Items from a dataset:
== Segment start ==

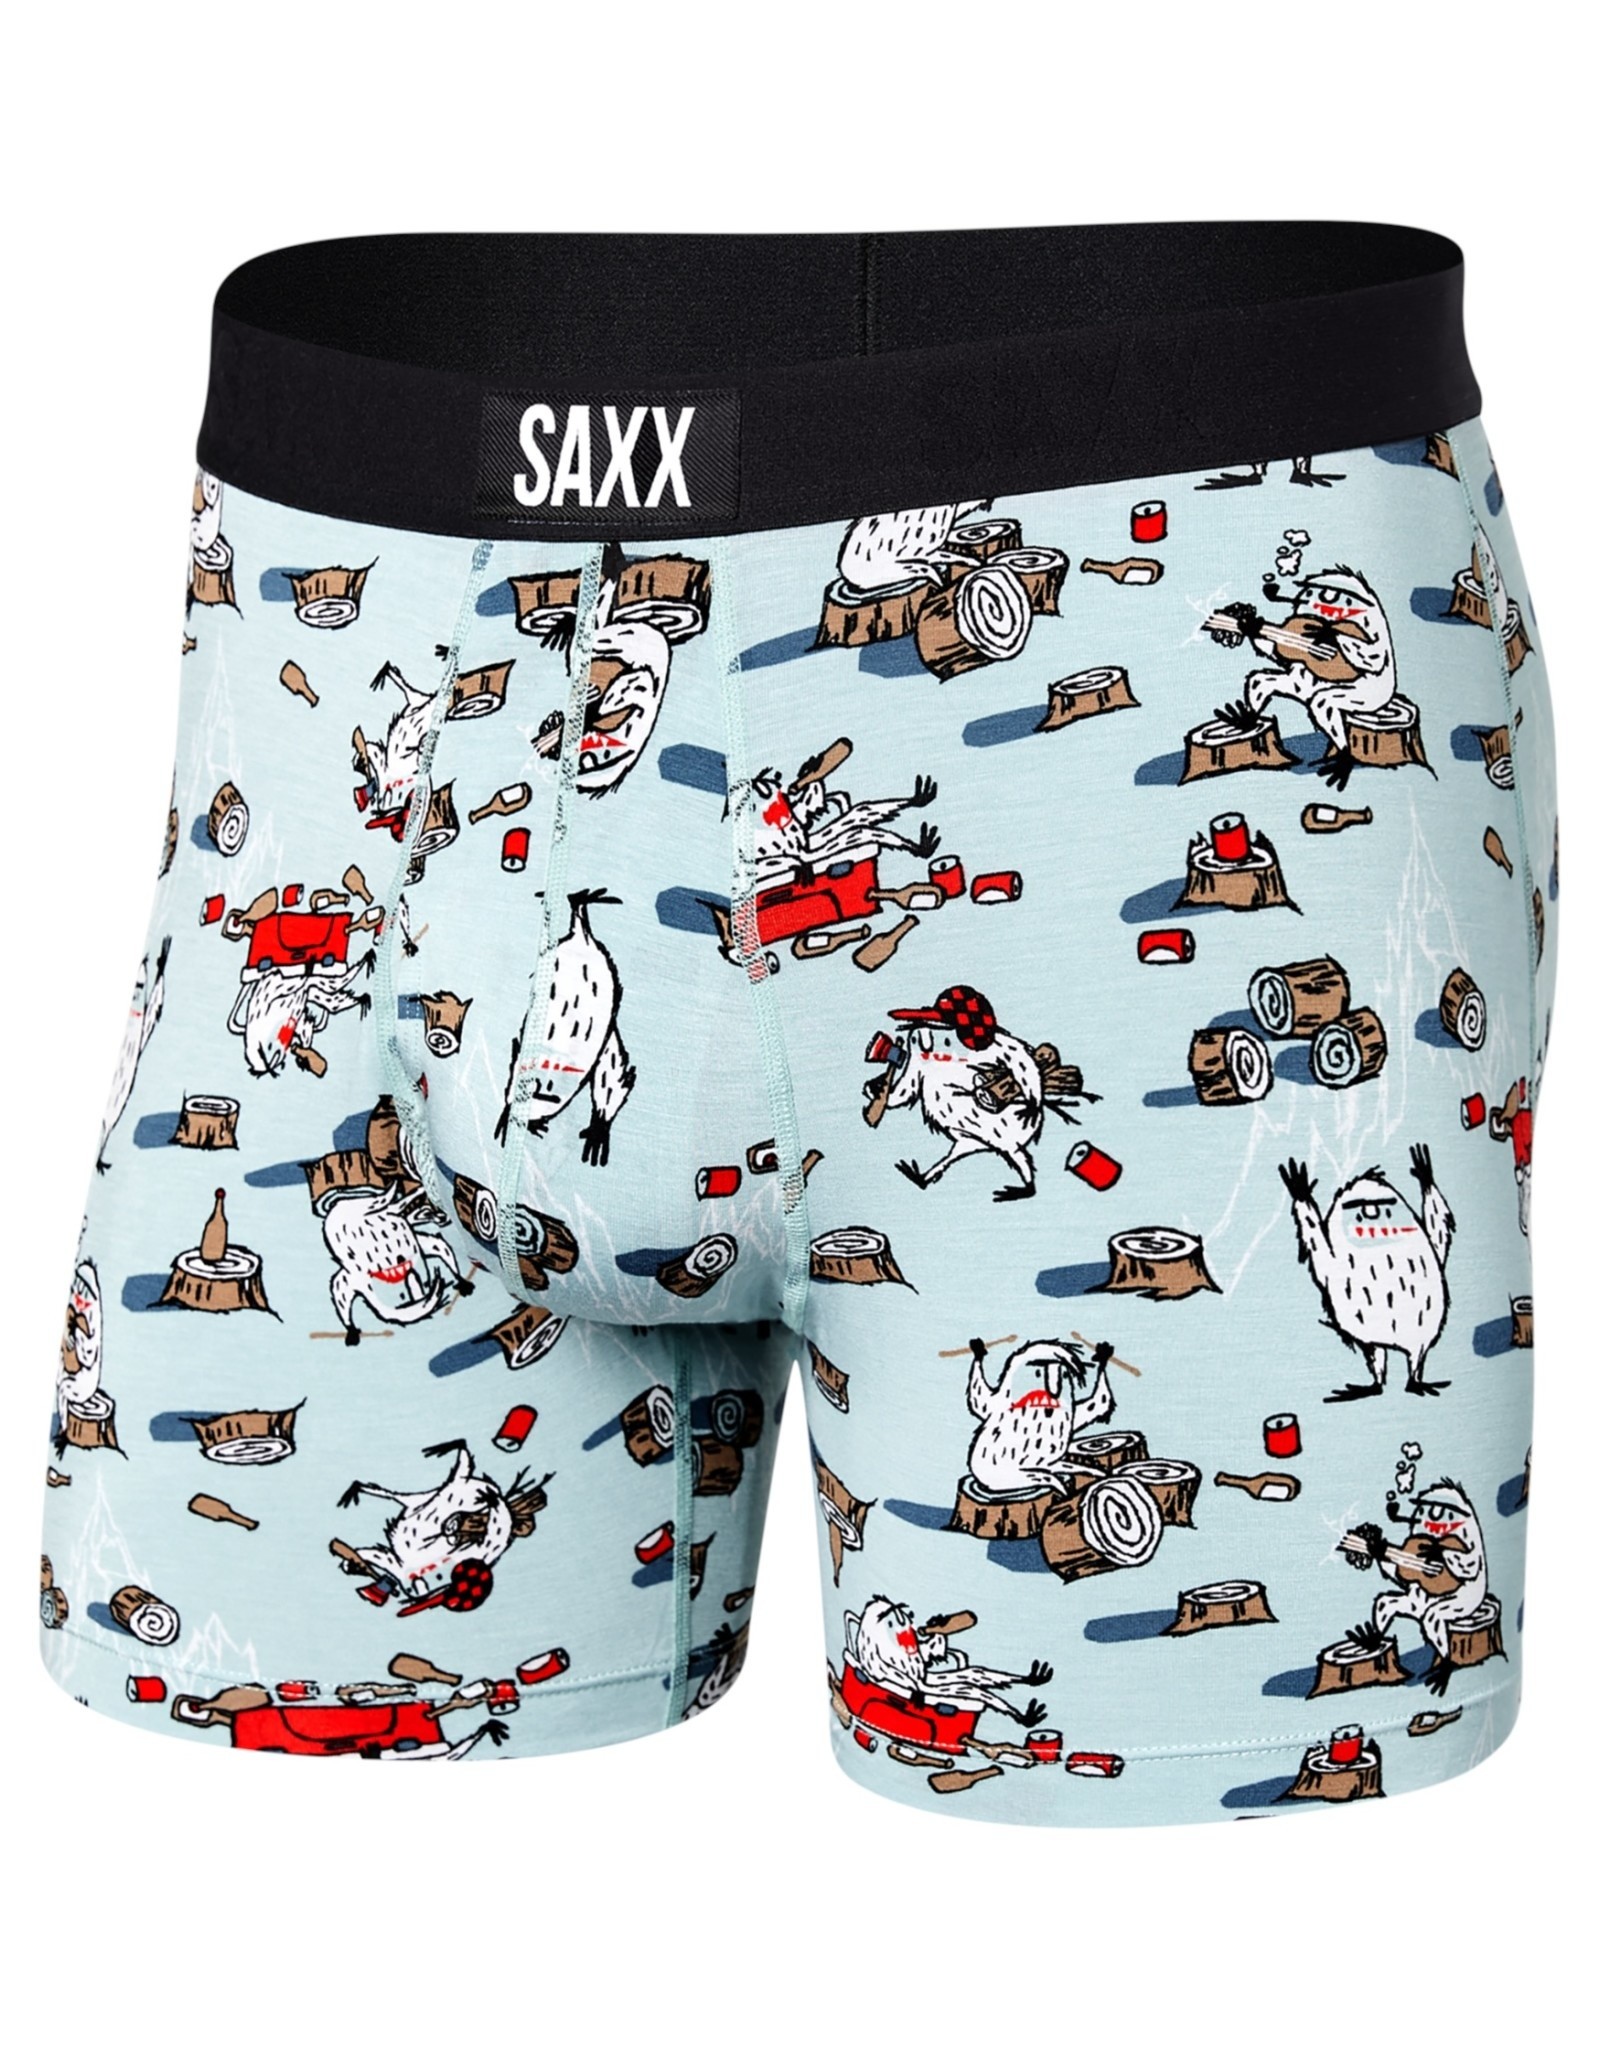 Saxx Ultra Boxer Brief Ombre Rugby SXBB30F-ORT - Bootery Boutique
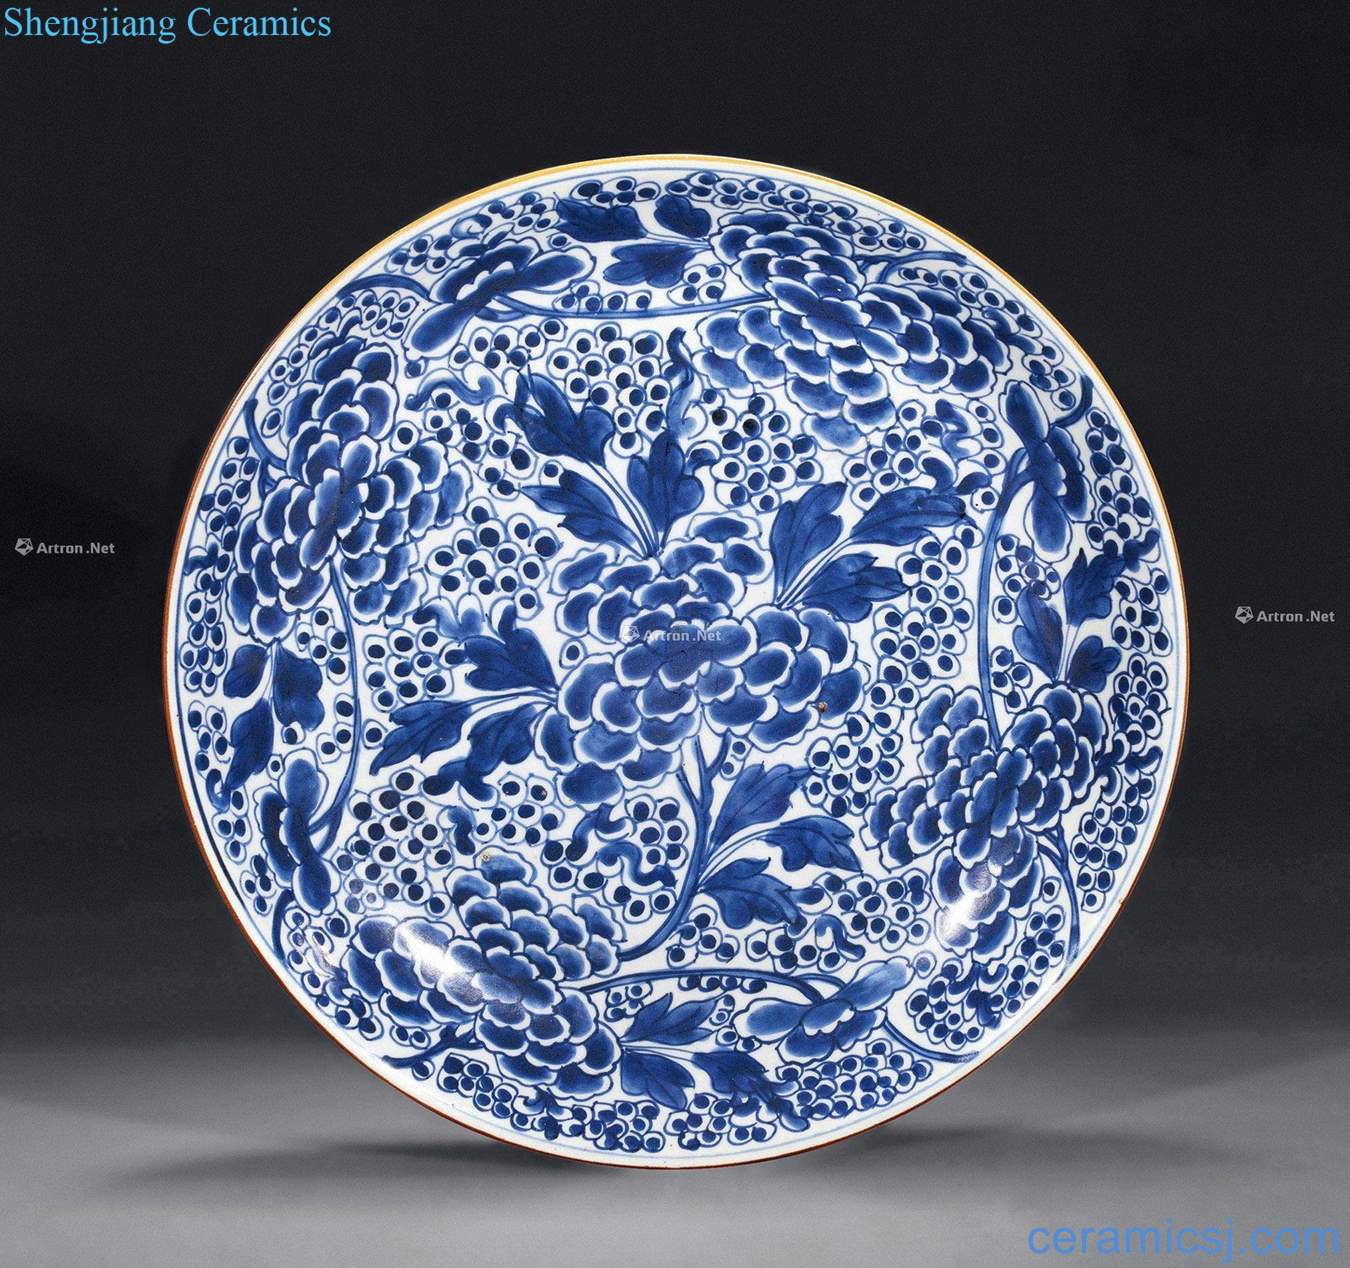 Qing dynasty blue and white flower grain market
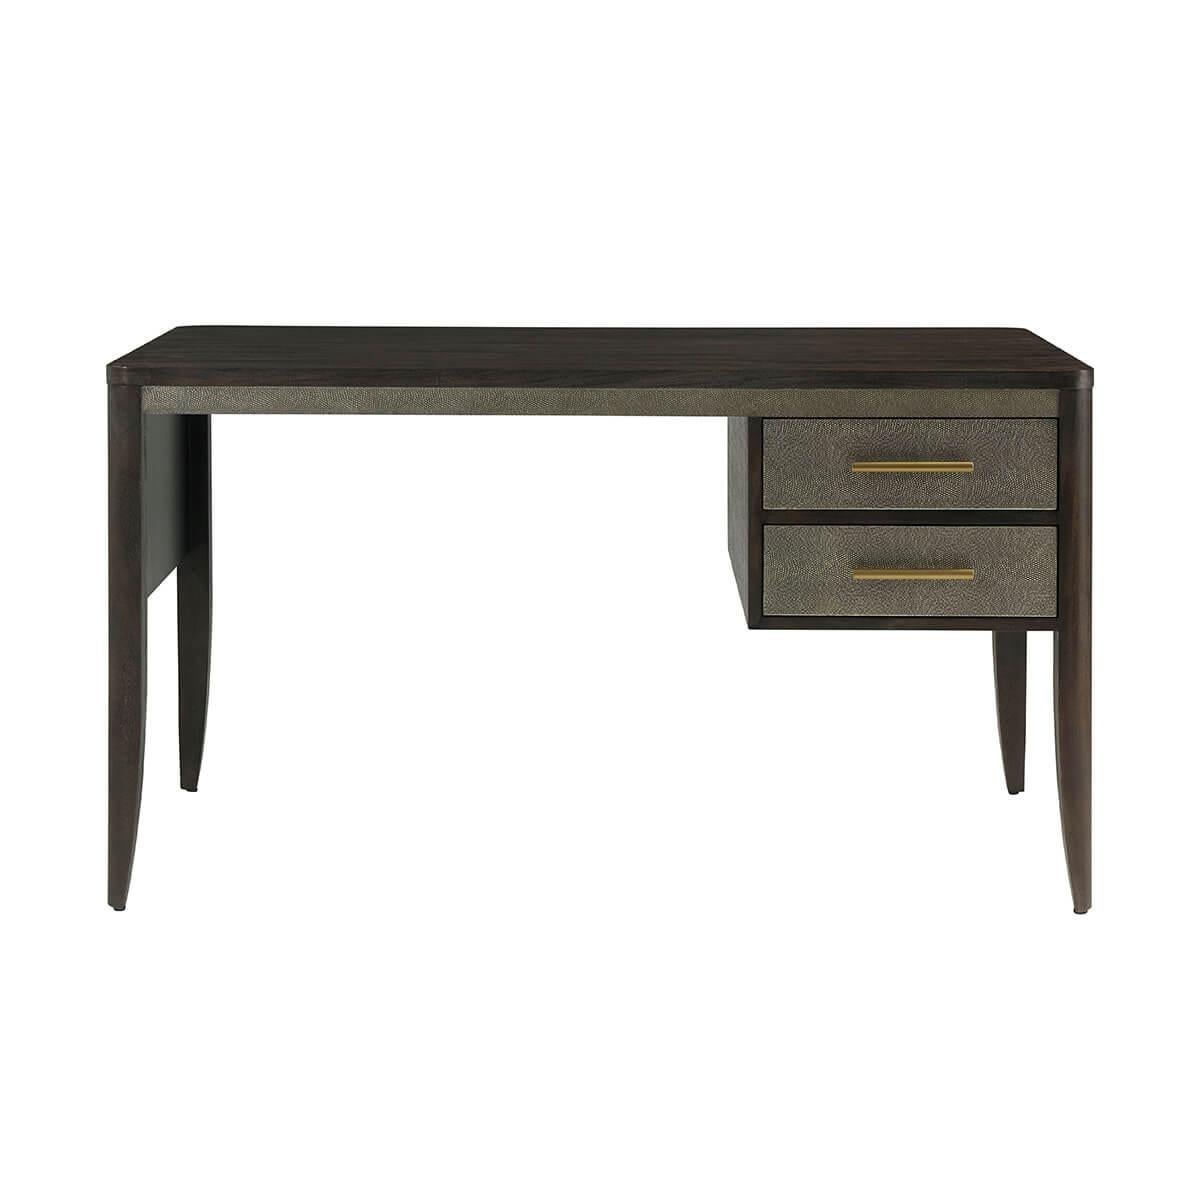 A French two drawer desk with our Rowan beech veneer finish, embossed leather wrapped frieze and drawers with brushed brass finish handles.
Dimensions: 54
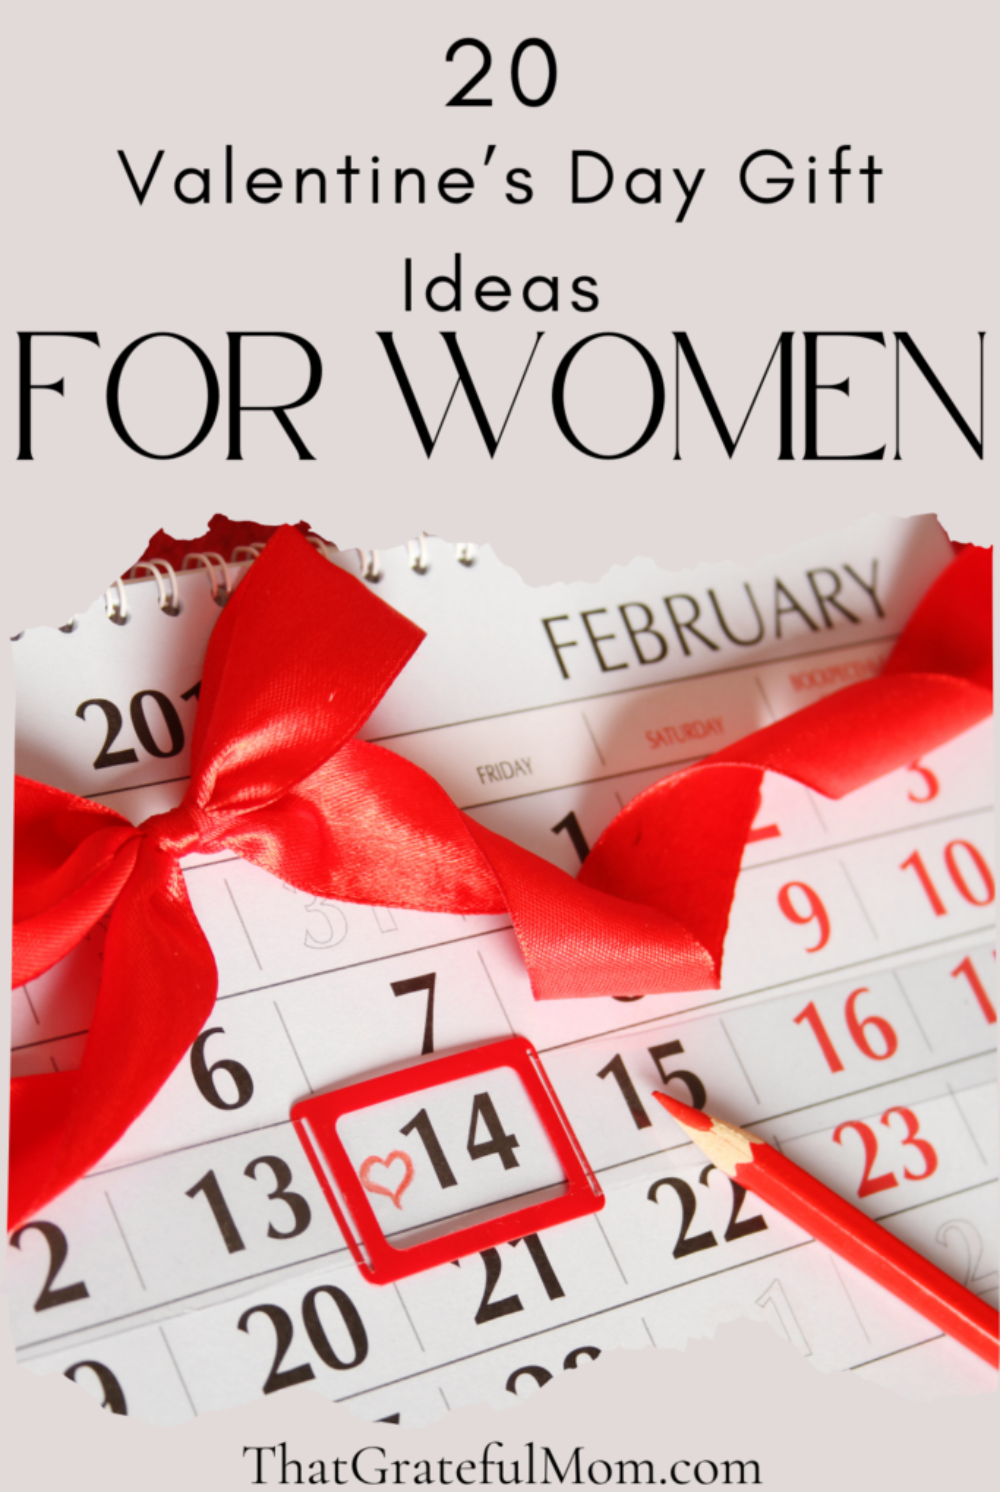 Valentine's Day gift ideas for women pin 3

== Segment end ==

Take the line with "Dimensions: 54" and every line after it through the end of the data, and write only them out exactly, leaving out the pictures.

Dimensions: 54
 Valentine's Day gift ideas for women pin 3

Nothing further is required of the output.